You can use the script in the contrib/ folder gimme_taxa.py if you find out the TaxID at NCBI which corresponds to the Platyhelminthes group
I understand your point. But is there a way to find a list of the of the supported groups? Also, Platyhelminthes/flatworms is a well described group, so it is hard to believe that there is not available information.

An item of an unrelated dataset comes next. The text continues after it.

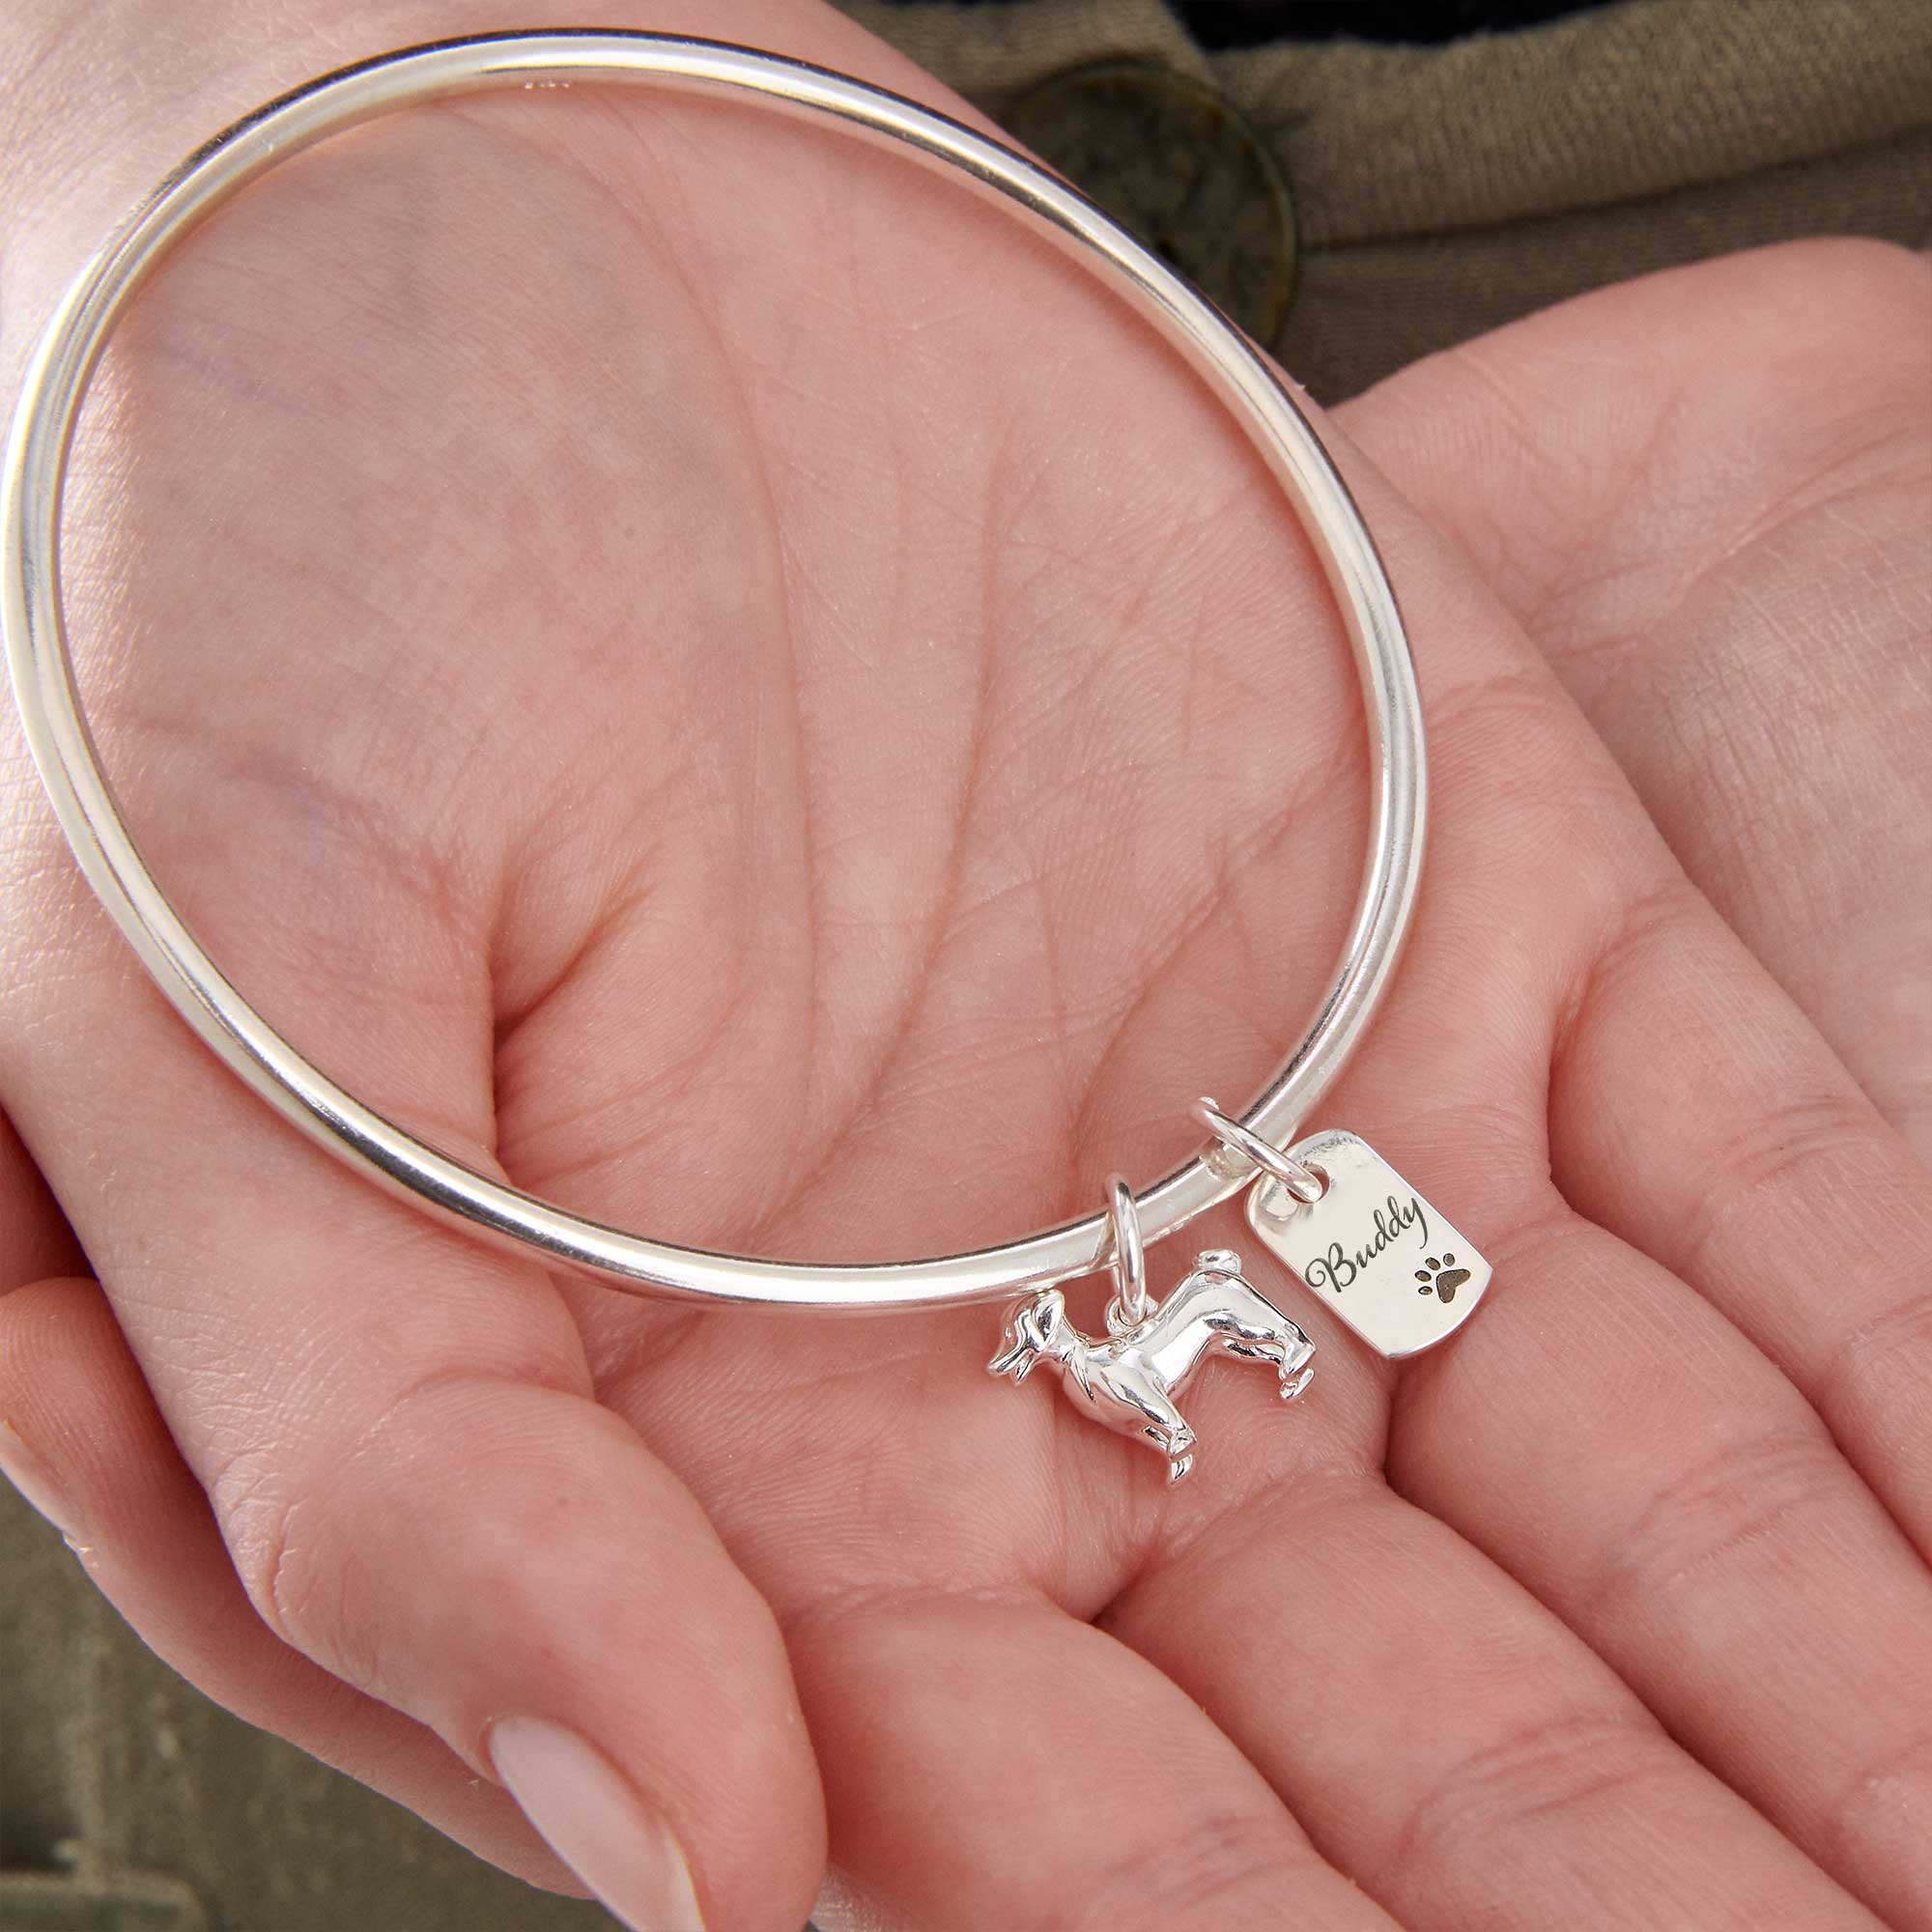 personalised jack russell terrier silver charm bangle sterling silver made in UK Scarlett Jewellery

I can see how the term "group" here is confusing, but I am using the terminology NCBI used to describe things here. NCBI's "taxonomic groups" for FTP download purposes are "archaea, bacteria, fungi, invertebrate, metagenomes, plant, protozoa, vertebrate_mammalian, vertebrate_other, viral", corresponding to how NCBI organises the separate folders on their download servers.
As Joe mentioned, ncbi-genome-download
is limited to the information the NCBI provides in the assembly summary files, which does not include a full taxonomy. The only things available are the "taxid", and the "species taxid". For any more complex taxonomy, check out the gimme_taxa.py
script in the contrib/
folder.
Thank you. It works
I have been trying to download genomes using command for eg. "ncbi-genome-download --refseq-categories reference platyhelminthes", but I keep getting the error "Unsupported group: platyhelminthes". I have tried different combinations of options as well. I was wondering is there a list or an option to see the supported format (or a name list) for a groups I wish to download genomes from ncbi.